A toxic onslaught from the nation's petrochemical hub was largely overshadowed by the record-shattering deluge of Hurricane Harvey as residents and first responders struggled to save lives and property.
More than a half-year after floodwaters swamped America's fourth-largest city, the extent of this environmental assault is beginning to surface, while questions about the long-term consequences for human health remain unanswered.
[...] In all, reporters catalogued more than 100 Harvey-related toxic releases—on land, in water and in the air. Most were never publicized, and in the case of two of the biggest ones, the extent or potential toxicity of the releases was initially understated.
Hurricane Harvey's toxic impact deeper than public told
-- submitted from IRC
(Score: 3, Insightful) by deimtee on Saturday March 24 2018, @09:29PM (2 children)
It seems to me that what that really means is that the sociopaths who run those companies were told they have free rein to dump as much as they like during the hurricane, just make it look like the hurricane had something to do with it and there won't be any consequences.
If you cough while drinking cheap red wine it really cleans out your sinuses.
(Score: 2) by fritsd on Sunday March 25 2018, @11:05AM (1 child)
Yeah, I actually thought that as well, but I thought it was too paranoid a scenario to write down :-)
Imagine you are the director of a chemical factory in Houston Texas.
Imagine you have a chemical waste storage for the PCB and dioxin containing byproducts of your factory.
You have to send it to a specialized expensive destruction company, but you might as well wait until profits are up a bit, or the laws change.
Fast forward 20 years
(1) Now you have a ginormous tank with 20 years of this waste doing nothing but slowly rusting the waste silo and costing money.
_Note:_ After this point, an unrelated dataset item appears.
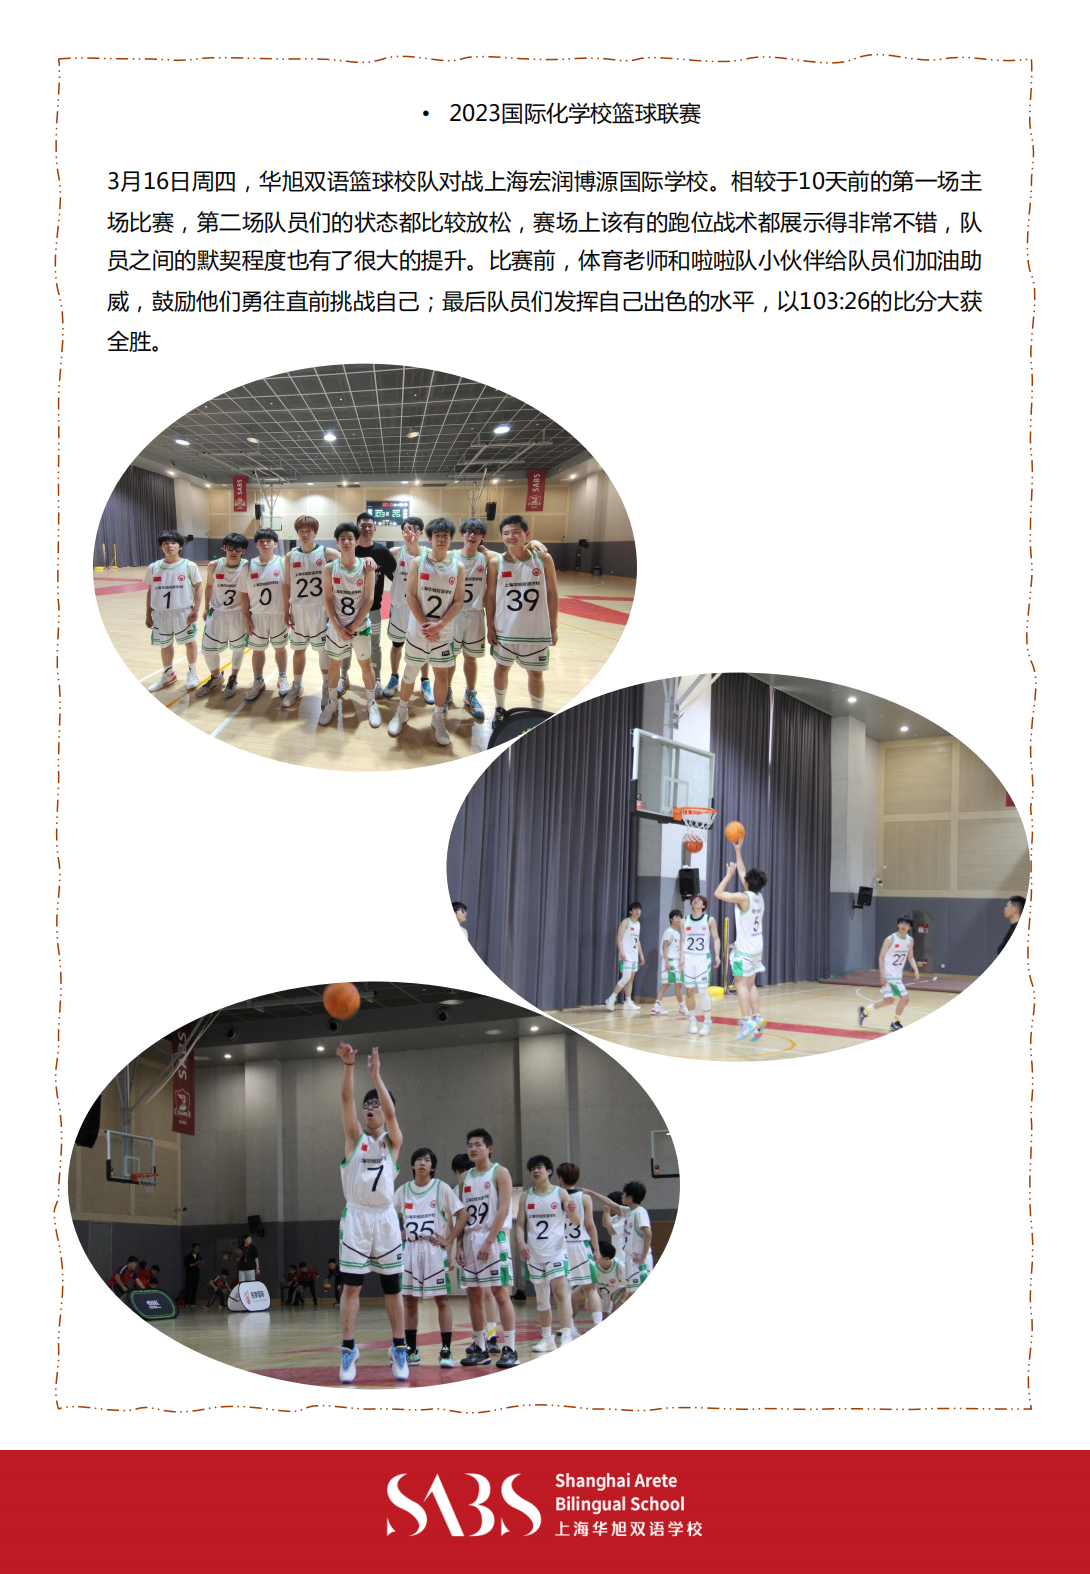 HS 3rd Issue Newsletter pptx（Chinese）_22.png

All previous directors shoved the problem forward in time. Profits are down and the environmental laws have become stricter and the destruction company asks for much more money than 20 years ago (no competition anymore from the cheap one that was run by the local maffia).
(2) Suddenly out of the blue, Hurricane Harvey is passing straight over your industrial terrain! Shock! Horror!
(3) ????
(4) An Act of God made your chemical waste disappear from the location that you have responsibility for!
(5) Profit!!!
(Score: 3, Informative) by Taibhsear on Monday March 26 2018, @05:21PM
That would be illegal. The chemical factory would likely be considered a "Large Quantity Generator." There are regulations for how long you can store waste or hazardous products.